SIFT Kernel
MCP server that enforces forensic methodology and prevents hallucinations by requiring evidence links and deterministic verification, exposing 129 forensic operations across 14 categories with auto-correlation and reasoning engine.
README
SIFT Kernel
Forensic Evidence Operating System — An MCP server that makes evidence spoliation architecturally impossible, hallucinations structurally unregisterable, and forensic methodology computationally enforced.
Built for the FIND EVIL! Hackathon by SANS Institute.
Results
| Metric | Value |
|---|---|
| Forensic operations | 129 across 14 categories (+ 21 reporting/kernel tools) |
| Reasoning engine (FARE) | DSmT/PCR5 evidence fusion + Active Inference (EFE) tool selection + Rough-set confidence tiers |
| Knowledge base | 90 evidence-to-hypothesis rules across 7 artifact categories, 12 attack scenarios |
| Auto-correlation | Temporal proximity + MITRE kill-chain sequencing + shared entity detection |
| Formal security properties | 6 (property-tested, 10,000 scenarios each) |
| Context overload solved | 32 tools exposed (14 category dispatchers + 18 kernel) — not 128 flat |
| Hallucination rate | 0% by construction (findings require evidence links + deterministic verification) |
| Methodology enforcement | Signal-driven reactive FSM (7 states) + capability DAG |
| Self-correction | External-feedback architecture (arXiv:2601.00828) — FARE conflict detection, entropy tracking, bias monitoring |
| Inference constraint | Level 3-4 per Hilgert et al. 2025 (arXiv:2506.00274) — server handles parsing + anomaly detection |
| Report formats | Markdown, JSON, interactive HTML (entropy curve SVG, dark/light toggle, correlation timeline) |
| Transports | stdio + HTTP/SSE (fail-closed bearer auth) |
| Tested against | Real 16GB SRL-2018 E01 disk image (APT compromise) |
SUBMISSION COMPLIANCE
Judges: Every turn-in requirement maps to a specific file. Nothing is hidden.

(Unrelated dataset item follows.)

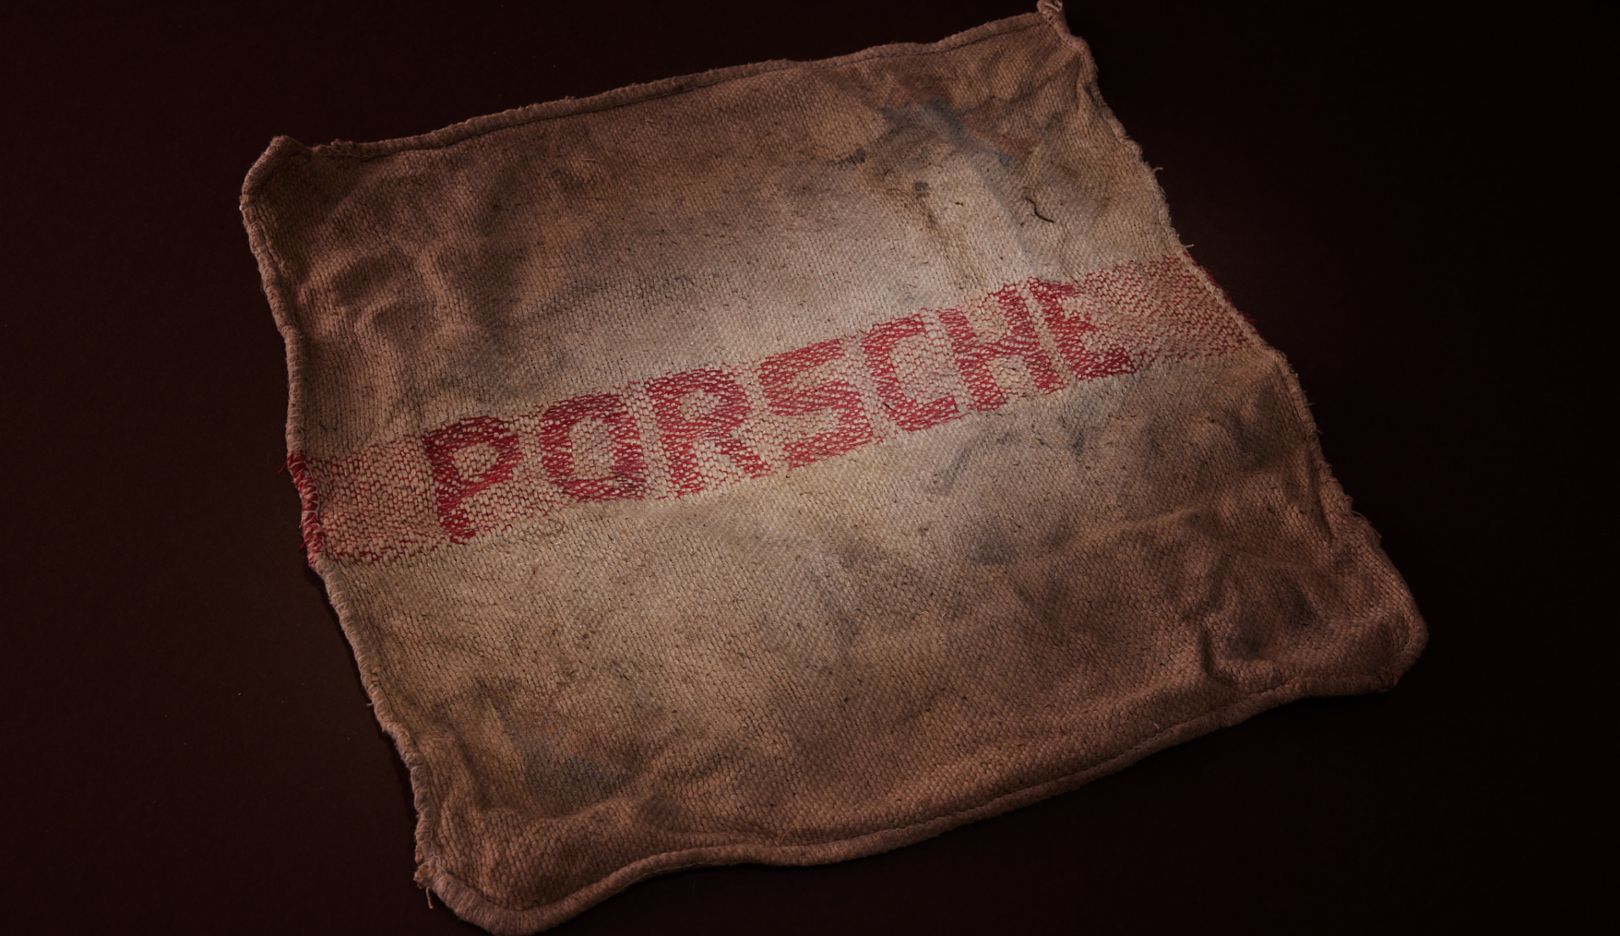 Mesmo passados mais de 50 anos, o pano Porsche ainda cheira a óleo.

| # | Requirement | Location | Status |
|---|---|---|---|
| 1 | Code repository (public, open source) | This repository | Done |
| 2 | Open source license (MIT or Apache 2.0) | LICENSE | Done (MIT) |
| 3 | README with setup instructions | README.md — see "Quick Start" below | Done |
| 4 | Live deployment URL or local run instructions | README.md — see "Quick Start" below | Done (local) |
| 5 | Text description of features/functionality | README.md — see "What It Does" + "How It Works" below | Done |
| 6 | Demo video (< 5 min, live terminal, audio, self-correction) | YouTube + docs/DEMO.md | Done |
| 7 | Architecture diagram | docs/architecture.md | Done |
| 8 | Evidence dataset documentation | docs/DATASET.md | Done |
| 9 | Accuracy report | docs/ACCURACY-REPORT.md | Done |
| 10 | Agent execution logs | docs/EXECUTION-LOGS.md + sift-output/ledger.db |
Done |
Additional Documentation
| Document | Description |
|---|---|
| CLAUDE.md | Agent skill file — teaches any LLM the investigation loop |
| docs/ZERO-TRUST-ALIGNMENT.md | How architecture maps to Anthropic's Zero Trust for AI Agents (2026) |
| docs/USER-GUIDE.md | Practitioner guide for forensic analysts |
| docs/DESIGN-DECISIONS.md | Architectural choices and rationale |
| docs/BYPASS-TESTING.md | Security bypass attempts and why they fail |
What It Does
SIFT Kernel sits between any AI agent (Claude, GPT, Llama, etc.) and the SANS SIFT Workstation's 200+ forensic tools. It provides:
- 129 forensic operations across 14 categories + 21 reporting tools, exposed via the Model Context Protocol (MCP)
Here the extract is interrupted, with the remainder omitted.